Nico num biopic ao contrário
O desencanto, o cinismo de Nico é a voz do filme com que Susanna Nicchiarelli faz resistência aos clichés do biopic. Nico, 1988 abriu a secção Horizontes de Veneza, é uma miniatura que fica a crescer.
O filme de abertura da secção Horizontes, neste 74.º Festival de Veneza, tem a voz de Nico. Que biopic ainda pode ser um biopic? Uma das pistas pode ser o facto de, sendo a cantora interpretada pela actriz dinamarquesa Trine Dyrholm – que, ela própria também cantora, canta as canções de Nico nas sequências de concertos (não há playback) –, Nico, 1988, da italiana Susanna Nicchiarelli, encontra dessa forma a sua voz como “filme biográfico”. Tomando posse do corpo de Nico.
Uma definição da realizadora, na conferência de imprensa desta manhã em Veneza: “é um biopic ao contrário”. Referia-se ao facto de não ser a história de ascensão e queda, de um princípio a um fim, de que o biopic tipicamente se serve para, com máscaras de verosimilhança, fazer crer que assim toca a totalidade de um ser humano – quando, invariavelmente, o deixa escapar com a maquilhagem e o playback. Aliás, o título, Nico, 1988, já nos diz que o filme se interessa apenas por um fragmento da vida da artista nascida Christa Päffgen, dita Nico (1938-1988), os últimos tempos e os últimos concertos, quando andou em tour pela Europa de Leste.
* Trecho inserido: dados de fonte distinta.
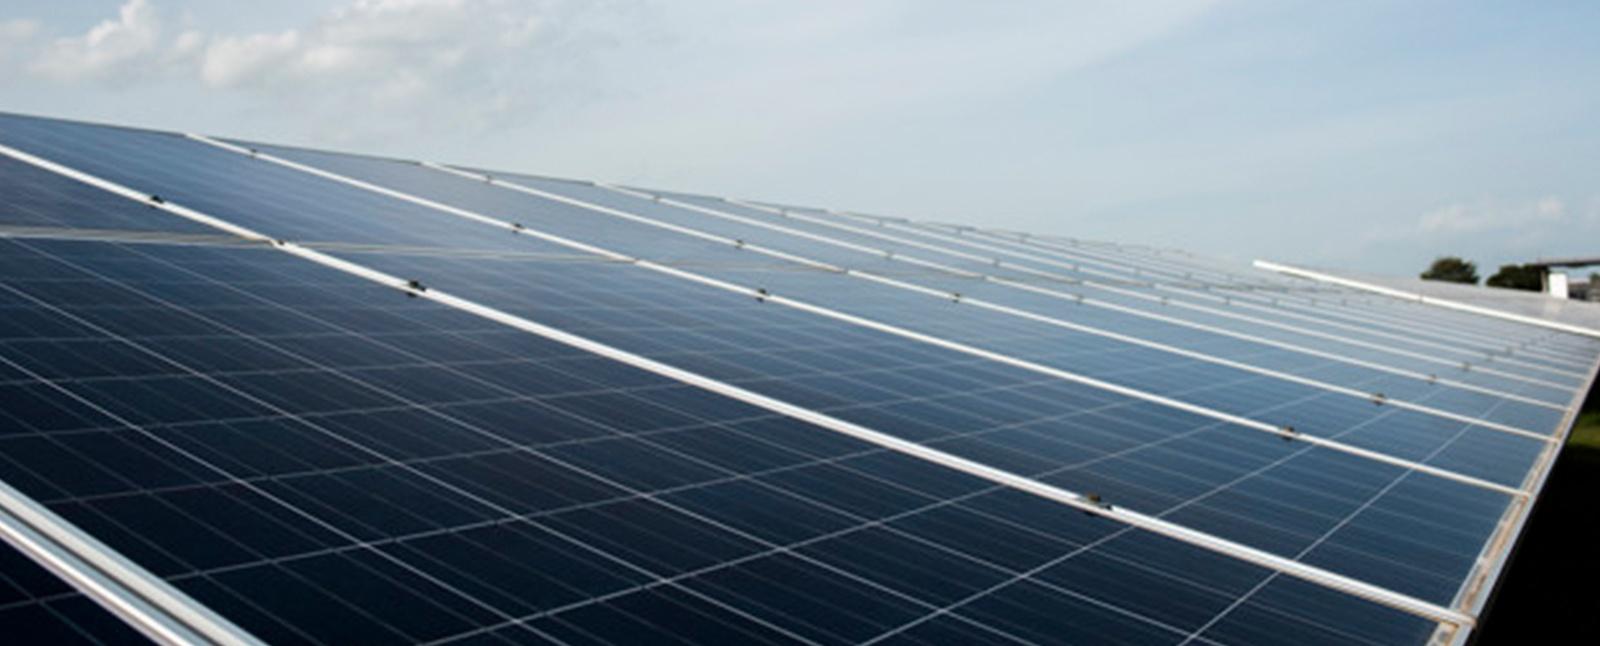 1 KW Solar Panel Price in India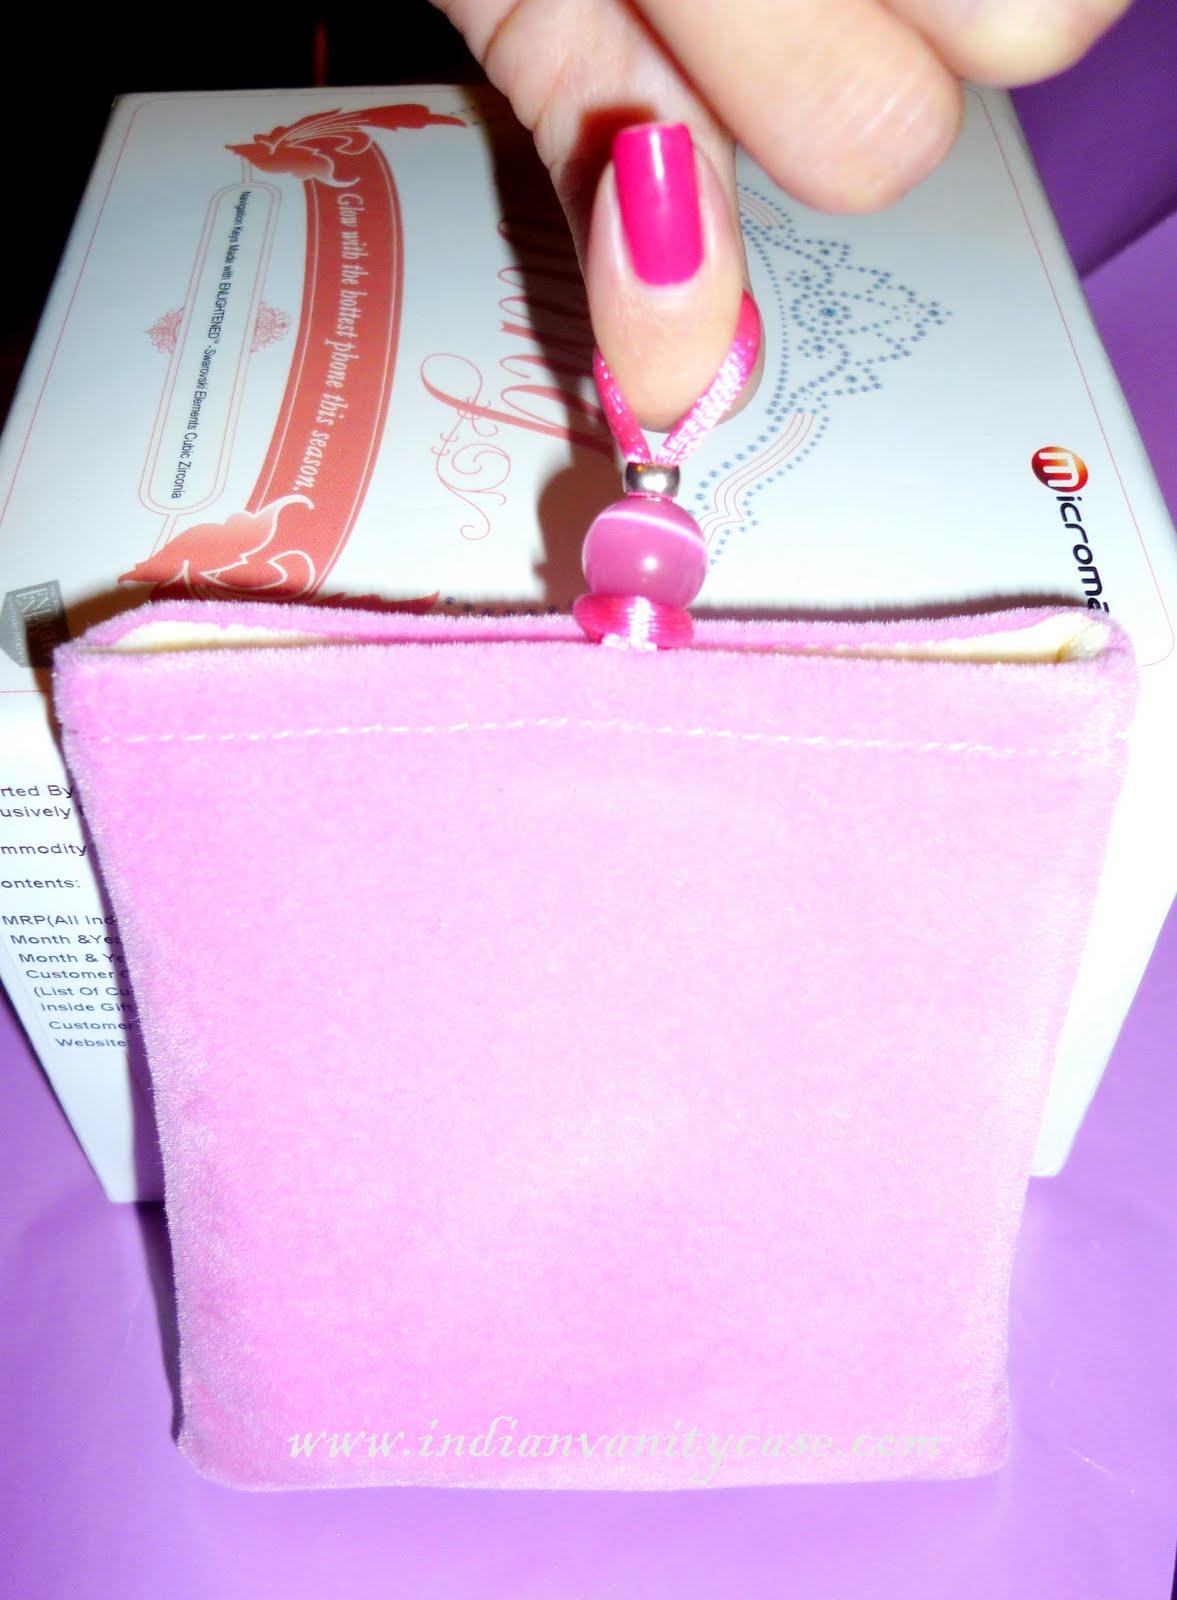 http://2.bp.blogspot.com/_K-Xz3c9hTQc/TCODHmmajXI/AAAAAAAACfs/UB0YMGlTLyg/s1600/Micromax+bling+velvet+pouch.jpg

Imediatamente antes da sua morte, em Ibiza, na bicicleta, e antes da queda do Muro de Berlim e da reconfiguração da Europa – quando Nico tentava recuperar a relação com o filho Ari (Alain Delon negou reconhecer-lhe a paternidade), aceitava que a metadona pudesse fazer dela uma velhota elegante (a alternativa era acabar os dias como uma velha junkie) e sacudia qualquer tentativa de nostalgia, que nas entrevistas alguém sempre tentava, pelos Velvet Underground (“Sim, tomávamos muito LSD”), por Andy Warhol, por Lou Reed, ou as facilidades das etiquetas de “musa” ou de femme fatale.
É por aqui que o desencanto, o humor, o cinismo, talvez, mas sobretudo o desconforto da personagem perante a facilidade da tipificação, se encontram com a resistência com que Nico, 1988 contraria os clichés do biopic. Cada enquadramento, cada diálogo, cada situação criada respiram o desconforto, o desajustamento, que habitava em Nico – Trine Dyrholm, a intérprete, contava que viu, obviamente, material de concertos e entrevistas, mas que a pista essencial foi uma resposta de Nico à pergunta sobre o que é que mais lamentava na vida, “ter nascido mulher, não ter nascido homem”. É por isso um filme sempre à beira do burlesco, de um burlesco congelado. É esquálido, desassombrado, seco: no retrato de uma época que hoje parece pertencer a outro mundo; na mistura de imaginação e reconstituição (personagens que, mudando de nome, existiram – como o agente de Manchester irremediavelmente enamorado de uma cantora sem amor para dar a não ser o das canções –, outras que são uma invenção a partir de figuras que rodearam Nico).
Nico, 1988 não faz de conta que Trine Dyrholm é Nico, explicita, antes, que Trine e todos os outros a convocam, como um chamamento. Por isso é tão natural o aparecimento das imagens de Nico e dos Velvet Underground captadas no seu tempo por Jonas Mekas – são fragmentos que irrompem no filme, como se estivessem sobretudo na memória de uma equipa de rodagem. É que outra das coisas bonitas de Nico, 1988, filme de onde se sai revitalizado perante uma crença destas, e uma “lata”, nas possibilidades de intervenção num género, é que é um tocante retrato de grupo. Se o filme de abertura, e que abriu também a competição, da 74.ª edição de Veneza, Downsizing, de Alexander Payne, vai diminuindo à medida que as ambições e a escala aumentam, Nico, 1988 é um filme sempre a crescer na sua determinação de miniatura.